On most occasions, Local Area team Team staff are saying that they are either unable to generate the required contract or contract variation, or the usual authorised signatories are not available.

The Care Quality Commission are also distracted, and there is an unknown period of delay whilst they prioritise work that really matters.

So does that mean that it is too late? Not necessarily.

Ways forward

Whilst NHS England does usually insist on generating and signing a formal variation to the contract in order to add a partner to it, that is a ‘belt and braces’ approach as a result of the standard clause 287 that says “no amendment or variation shall have effect unless it is in writing and signed by or on behalf of the Board and the Contractor”.

However, it has often been argued that the addition of a partner (transfer from sole holder to partnership) by service of a notice under clauses 292 and 293 is effective in any event as long as NHS England responds in line with clause 295 which says:

“ If the Board is satisfied as to the accuracy of the matters … that are included in the notice, the Board shall give notice in writing to the Contractor confirming that the Contract shall continue with the partnership entered into by the Contractor and its partners, from a date that the Board specifies in that notice”.

In recent weeks, whilst Local Area team Team staff have been unable to generate and sign a contract variation, they have often been able and willing to write an NHS headed letter confirming all is in order and that the notice is accepted that as meeting the criteria for a clause 295 notice.

It is true that execution of a contract variation is the ideal. However, in the absence of that, a letter from NHS England accepting the notice will no doubt be sufficient, and certainly better than doing nothing. Will NHS England renege on its clause 295 notice at a later date? That is unlikely.

Whilst usually Local Area Team staff have been keen to ensure the partnership is CQC registered, requiring sight of the ‘sales and transfer position statement’ (confirmation of readiness to register the partnership) issued by the CQC, or sometimes even an issued Notice of Decision or certificate, in recent weeks they have been more relaxed about this, failing to insist on it on every occasion. That may be because current events lend a sense of perspective, or rushing and overwork increased workloads may be causing them to make this error.

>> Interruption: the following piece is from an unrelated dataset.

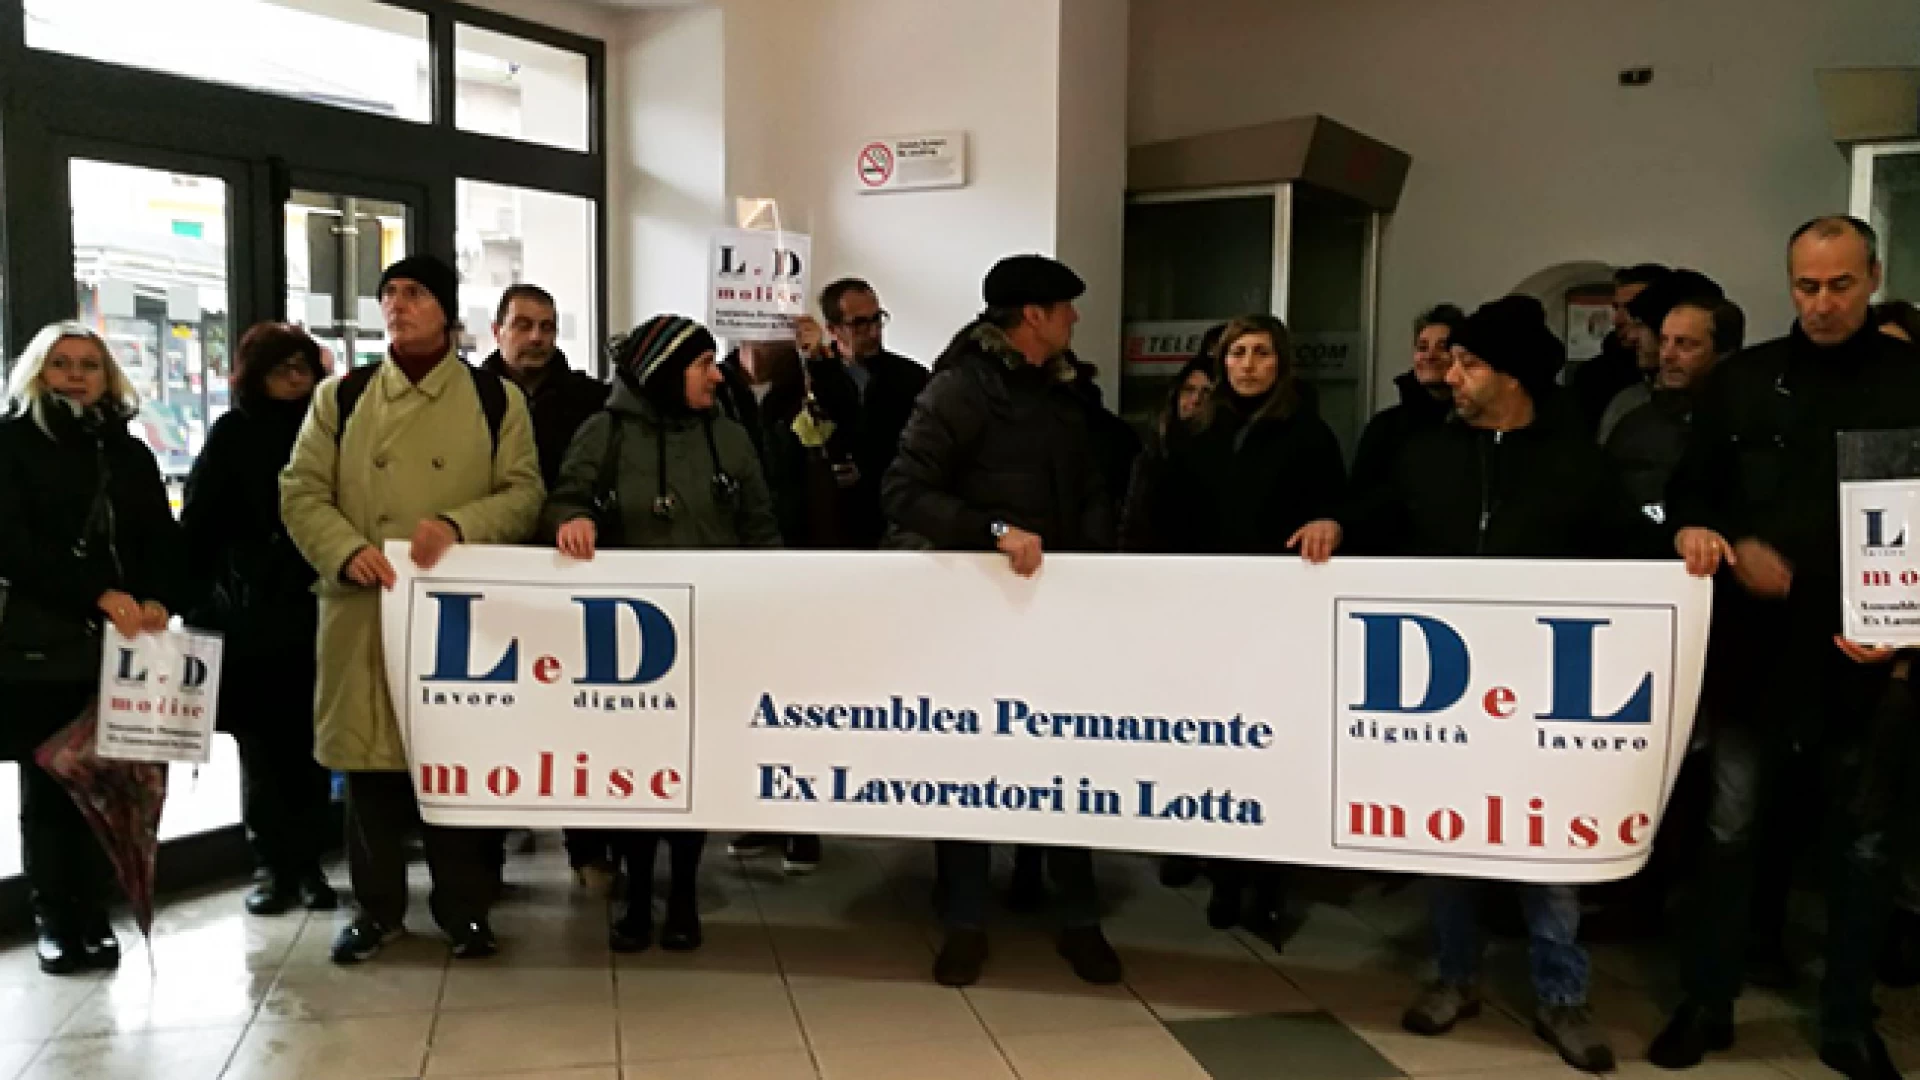 “Che il Direttore Palmieri protesti con noi in difesa dei posti di lavoro” . Lo aspettiamo sotto il palazzo regionale. Così Emilio Izzo a sostegno dei disoccupati.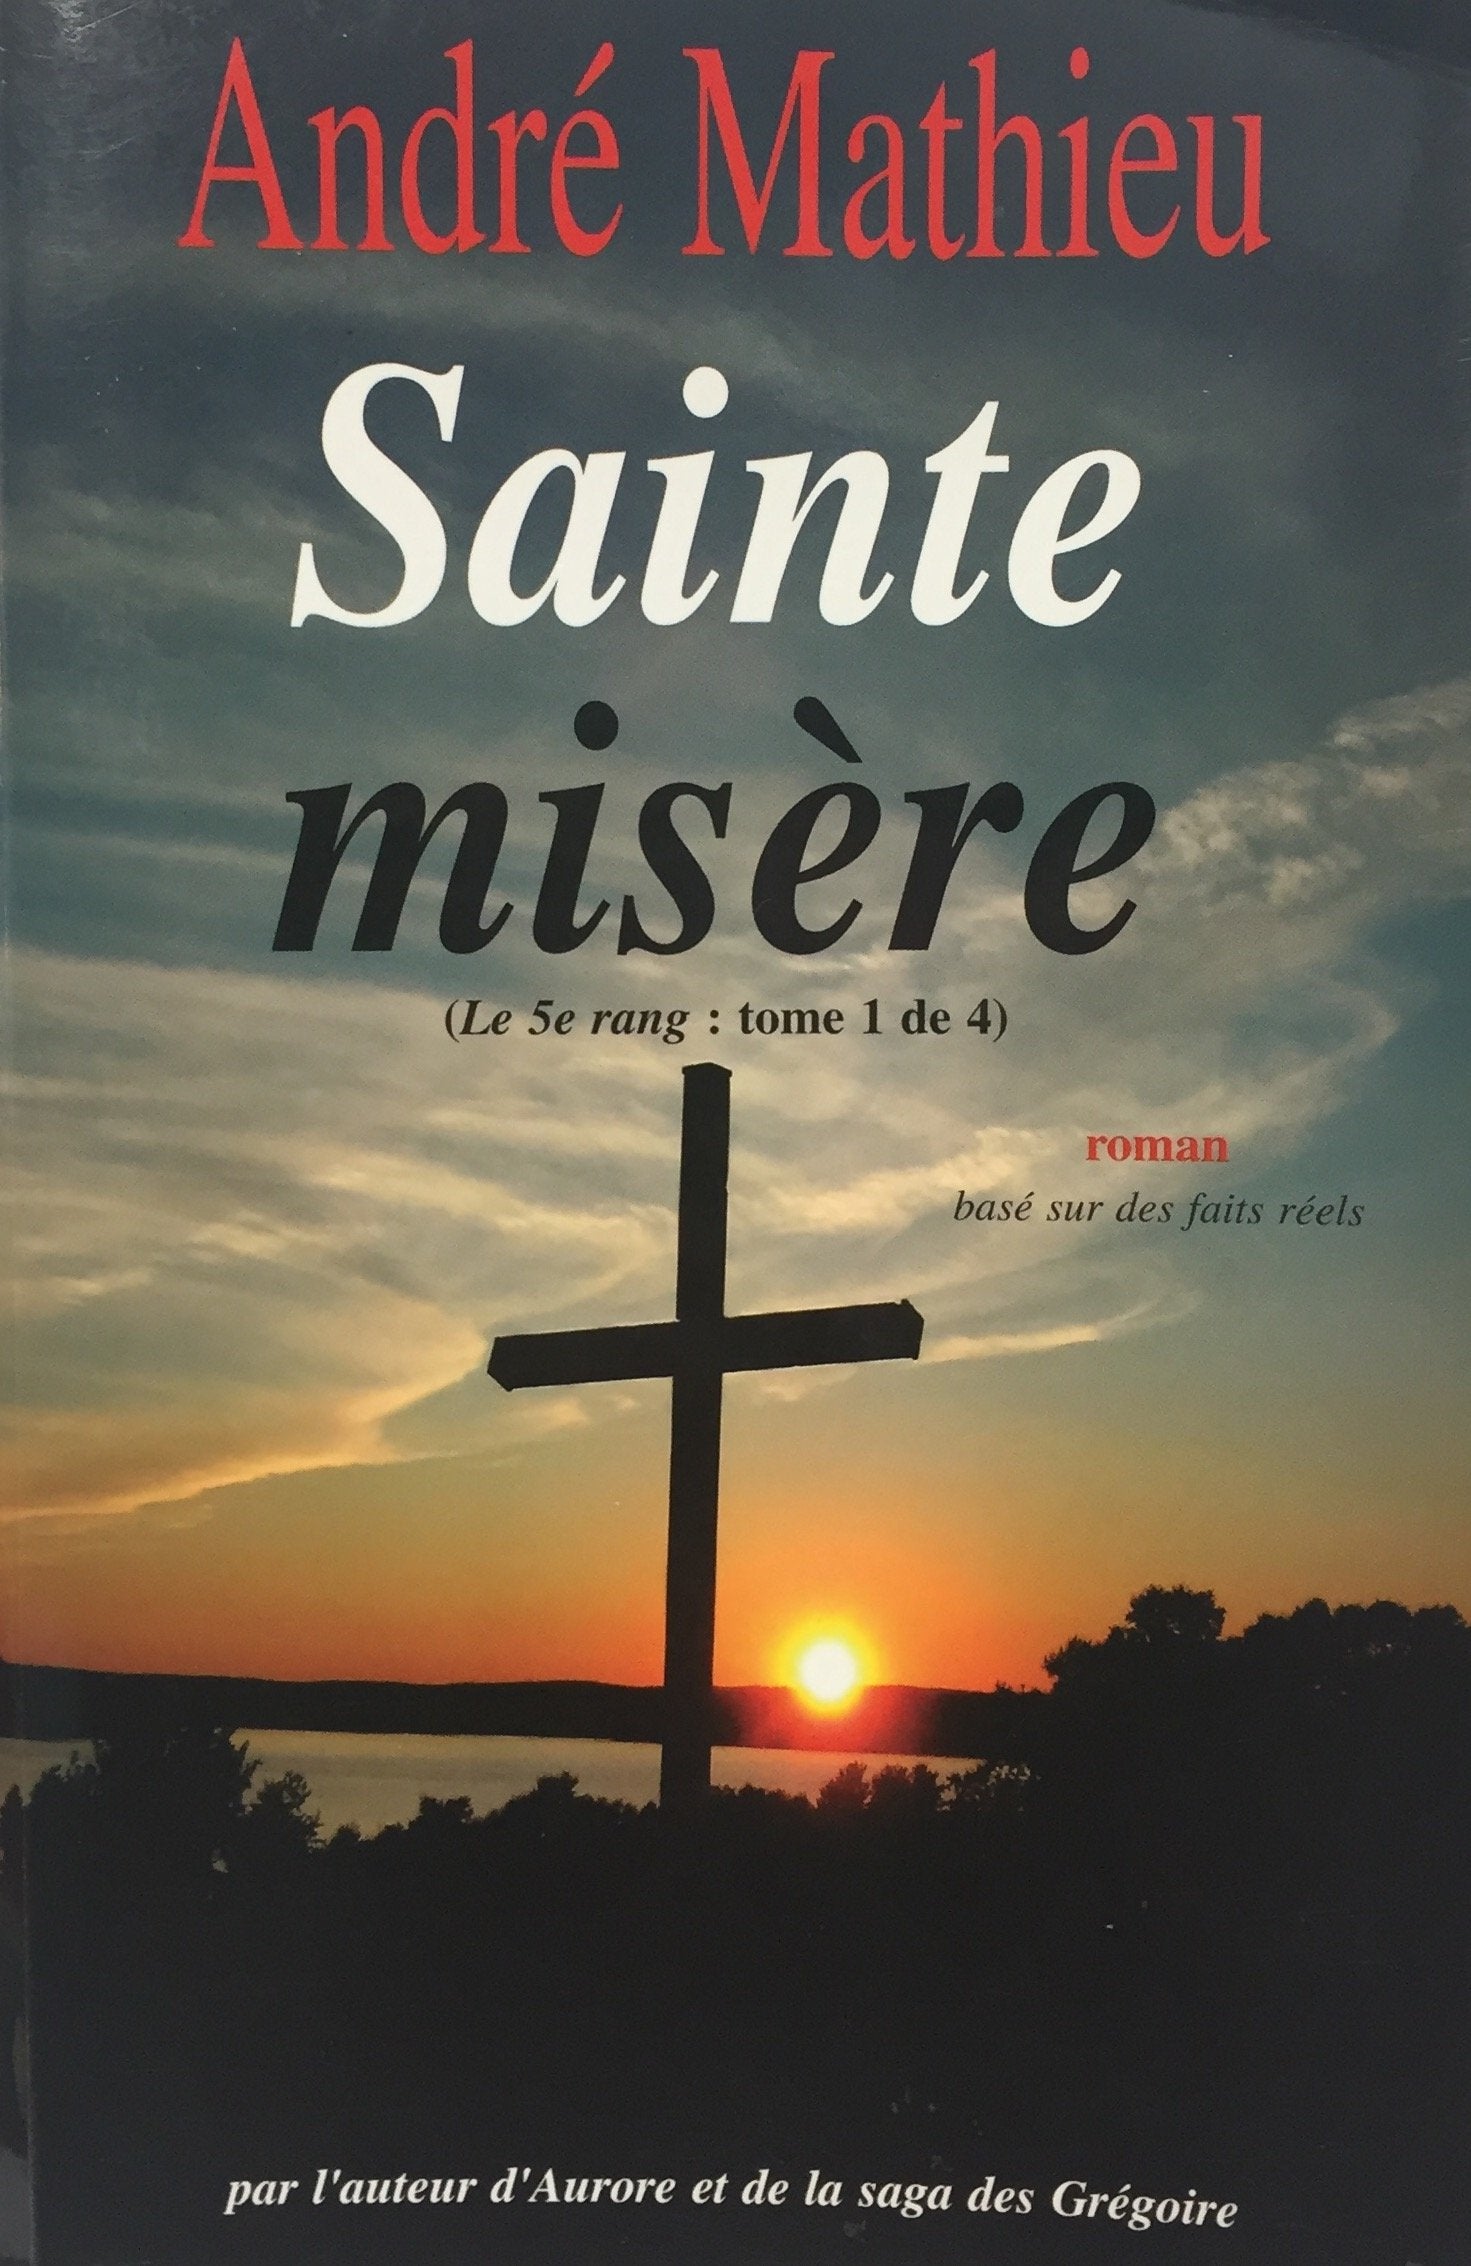 Livre ISBN 292251241X Le 5e rang # 1 : Sainte misère (André Mathieu)

Whilst it may be possible to take advantage of such relaxed attitudes / errors, that cannot be relied upon.

Consequently, it is good to be ready with an alternative plan – in case NHS England insists on seeing CQC registration for the partnership (which cannot be obtained at the moment).

Only the person who actually carries on regulated activities must be registered with the CQC.

In these circumstances the original contractor is already registered with the CQC of course.

Clauses 198-201 of the GDS contract set out the right of a contractor (the partnership) to sub-contract delivery of the GDS contract to another (the original contractor).

A formal notice must be served on NHS England under clauses 198-199. There is often the need for a formal written sub-contract.

NHS England can be convinced to accept a position where as soon as the contract is varied in to the names of the partnership, that partnership will sub-contract it to the original contractor (one of the partners), and the partnership will not itself ever deliver it, meaning it does not need CQC registration.